Provided material>
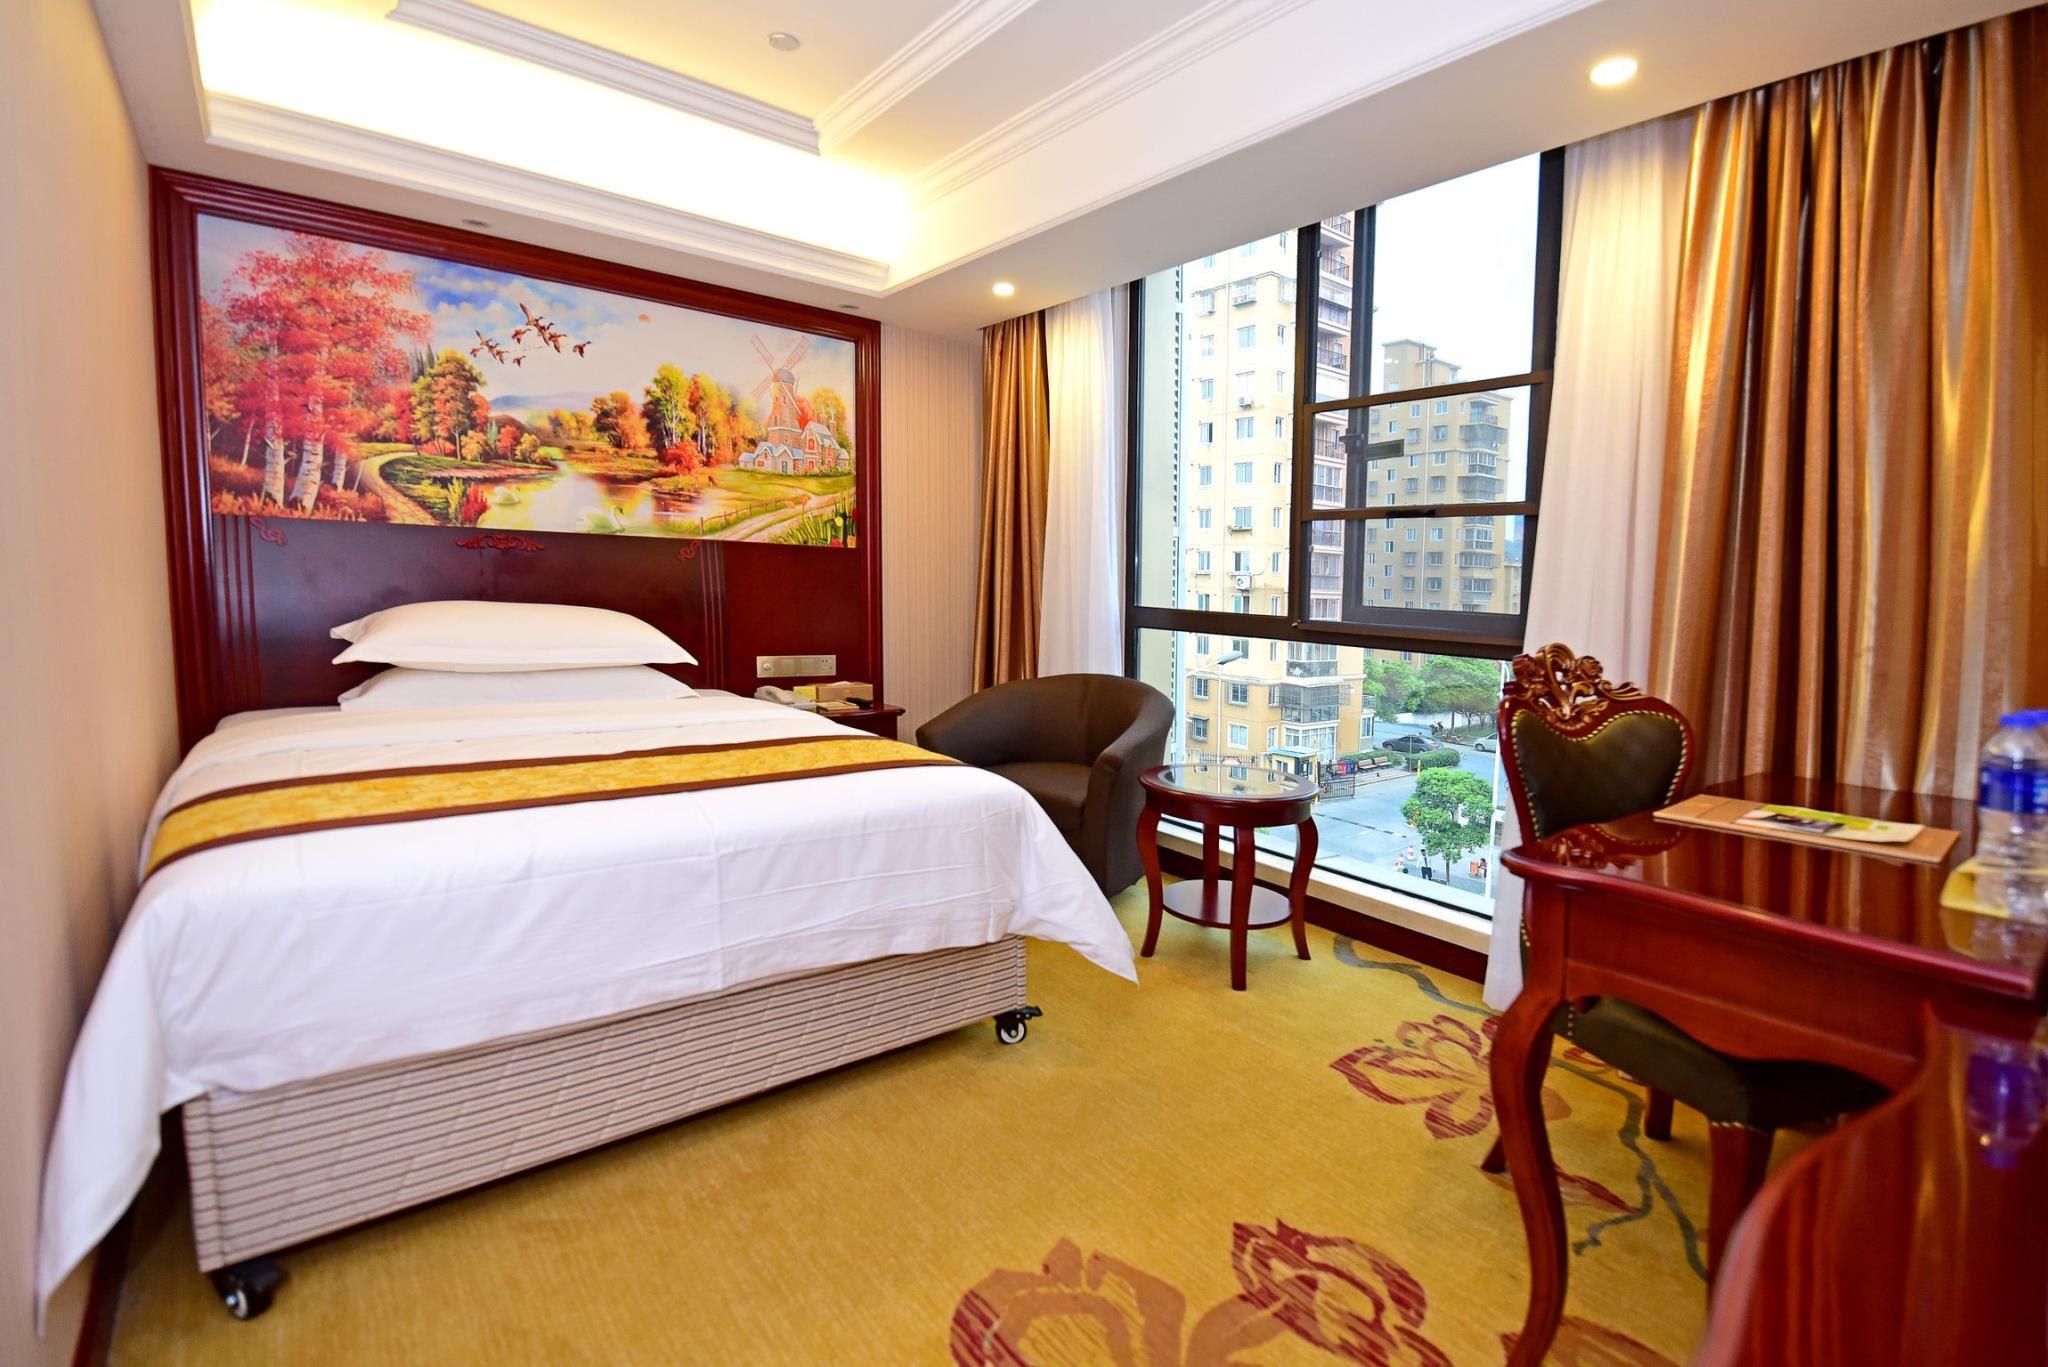 Vienna Hotel Shanghai Pudong Airport Heqing Branch Reviews
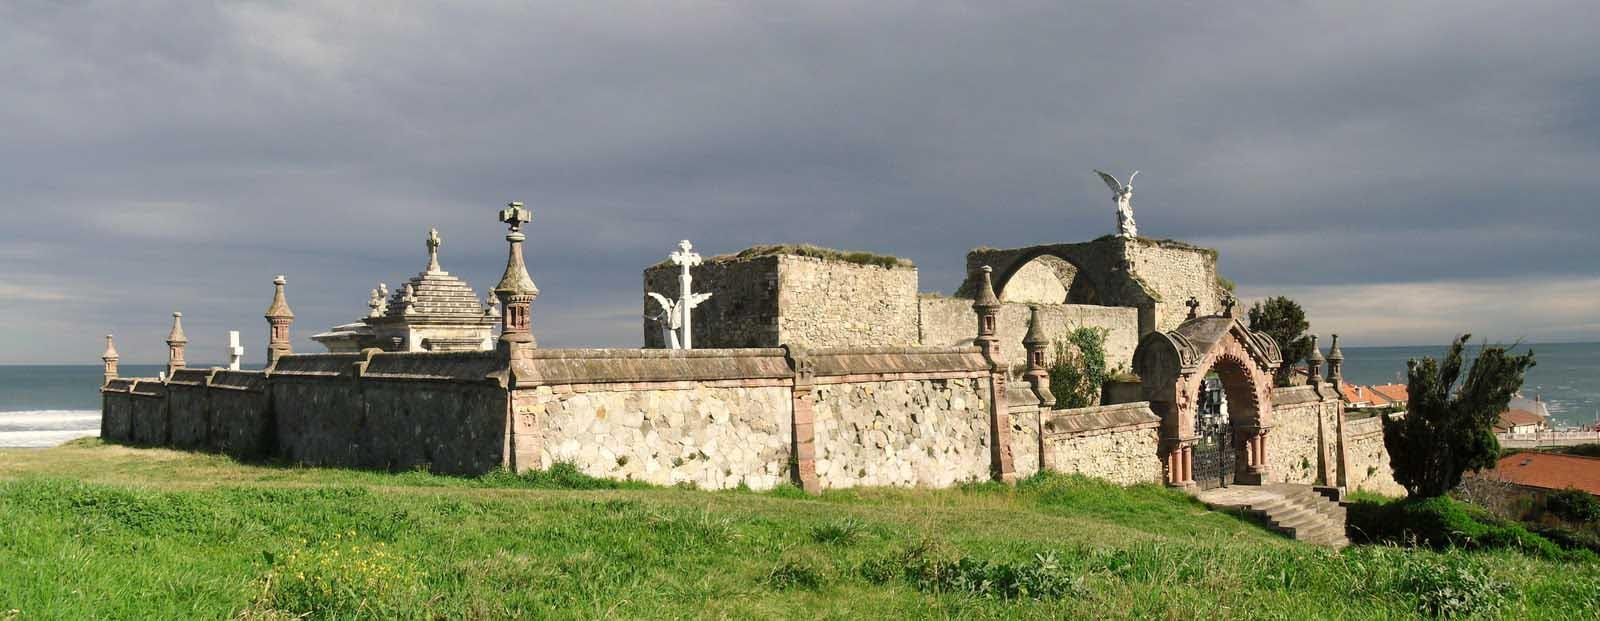 cementerio-de-comillas
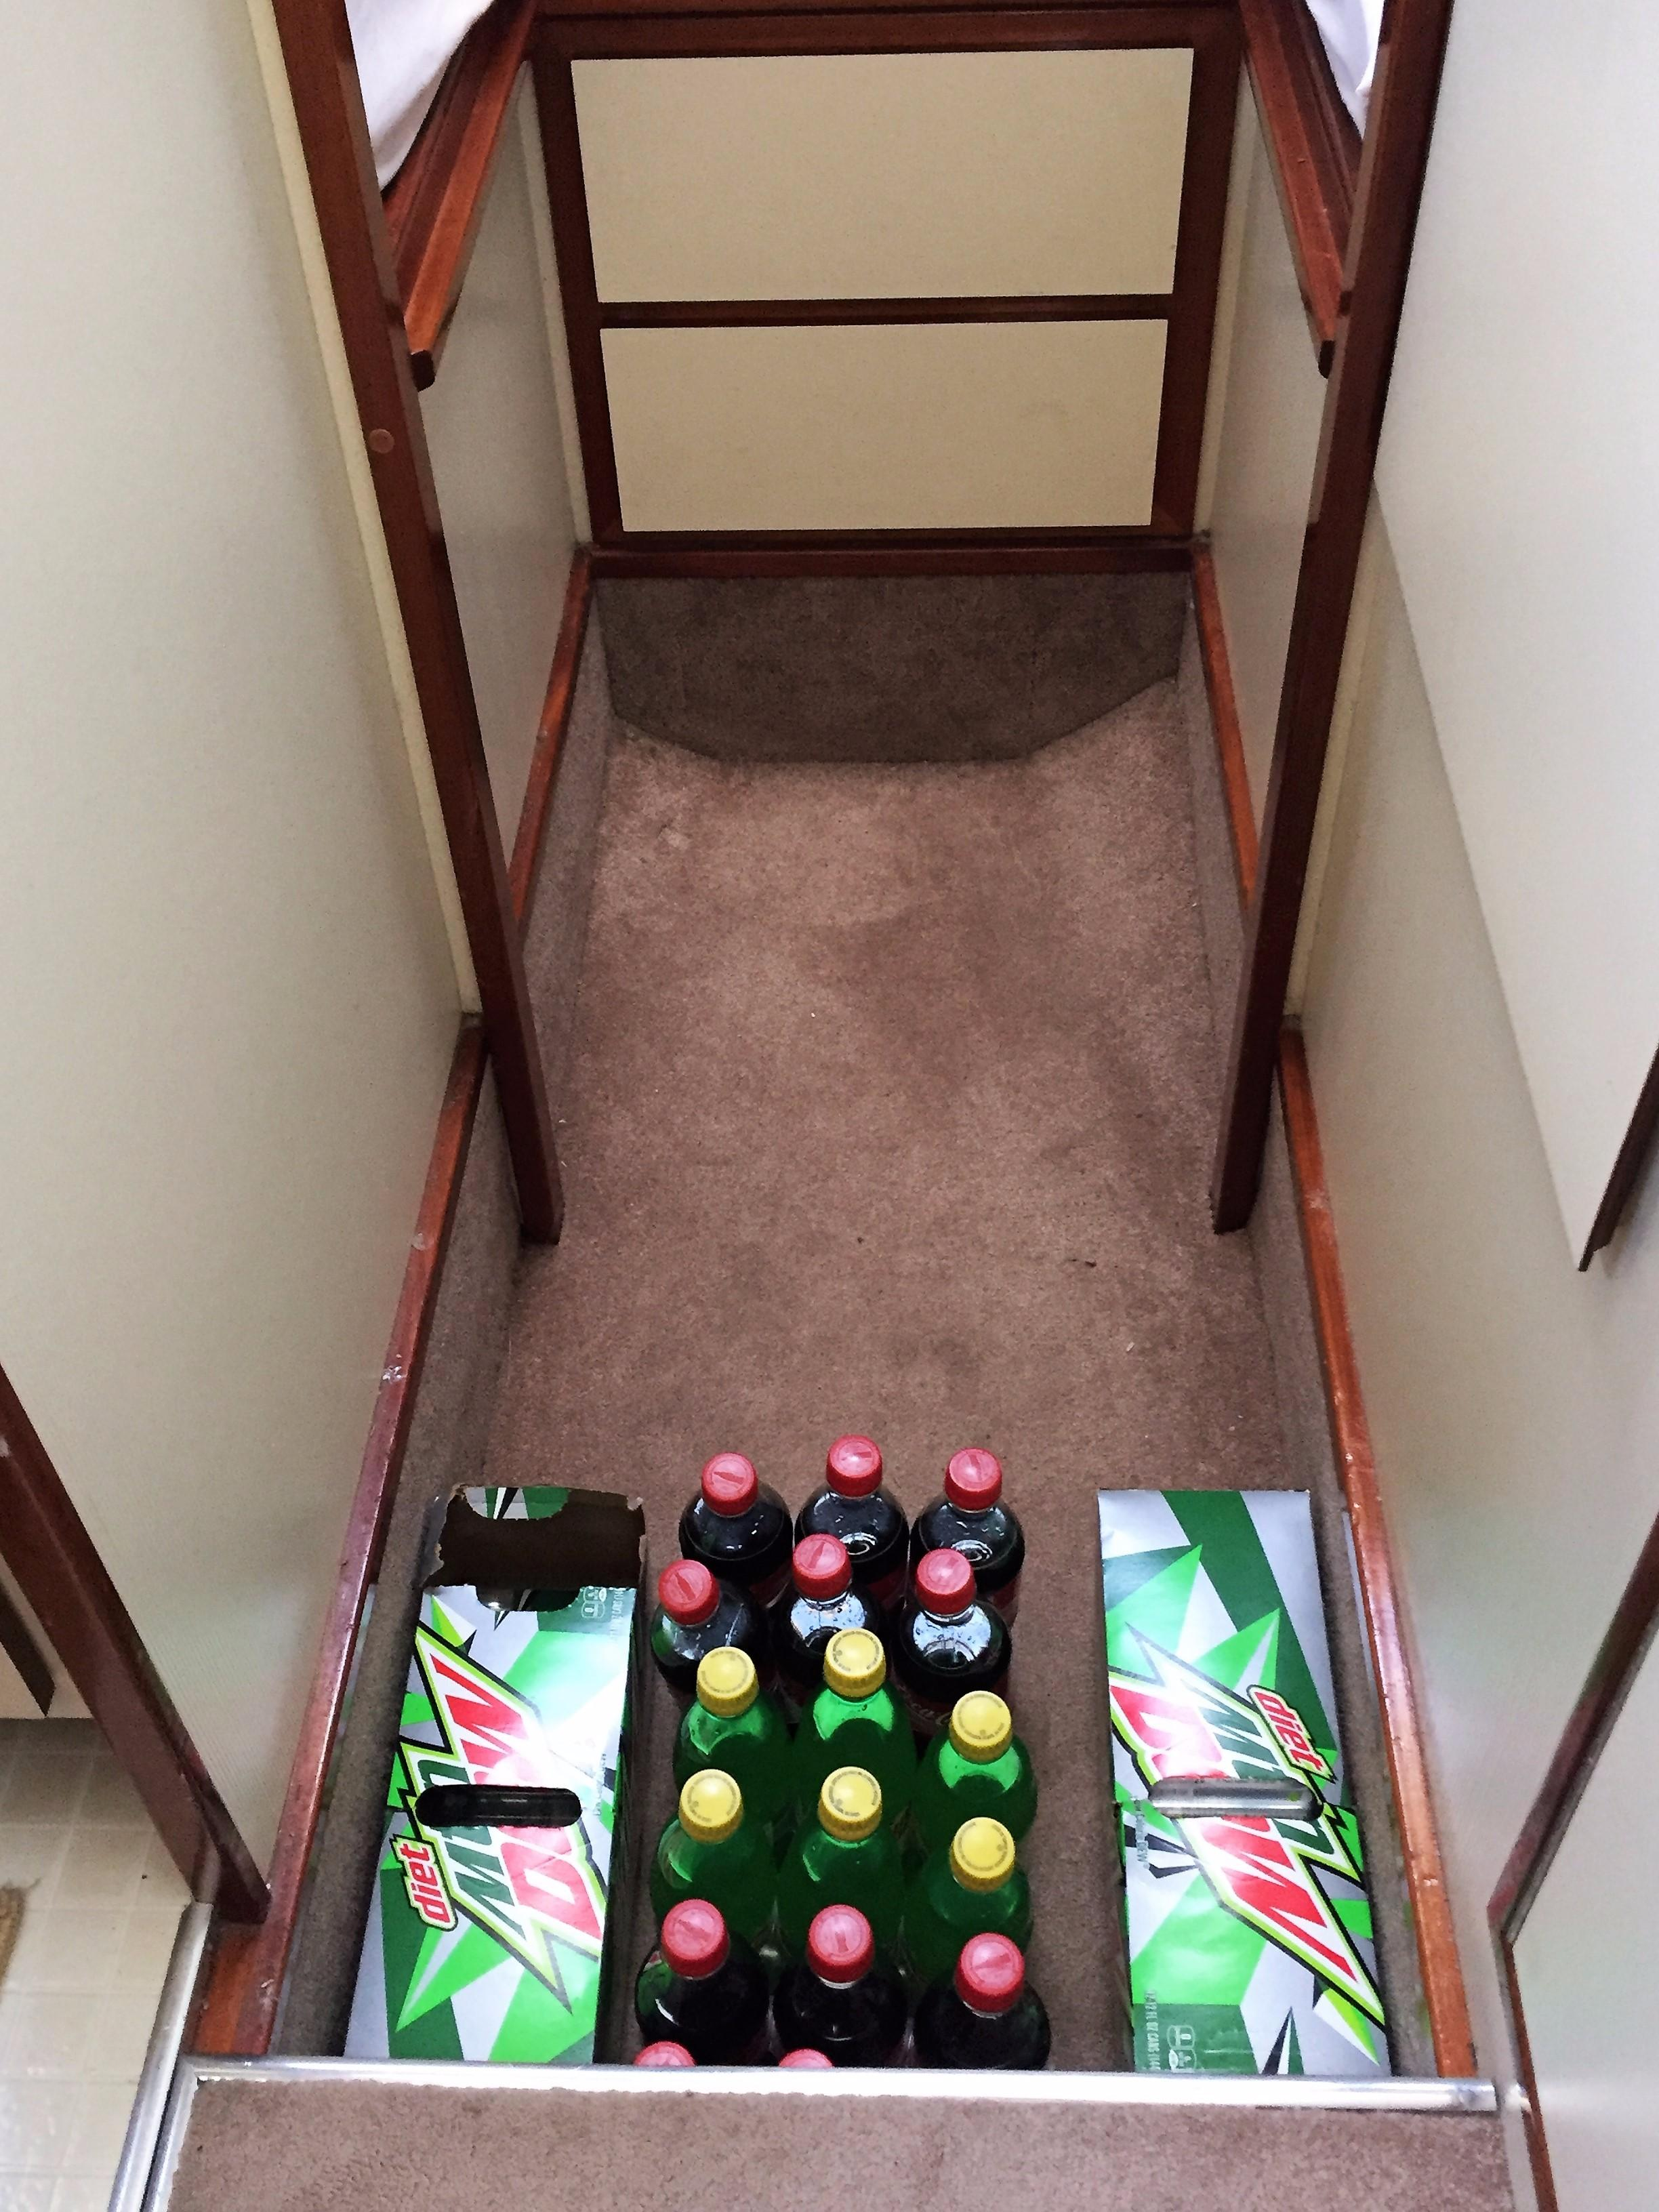 Camano Troll - under floor storage

Required action>
The whole listing above must be set down again exactly, but without its images.

Result for this exercise>
 Vienna Hotel Shanghai Pudong Airport Heqing Branch Reviews
 cementerio-de-comillas
 Camano Troll - under floor storage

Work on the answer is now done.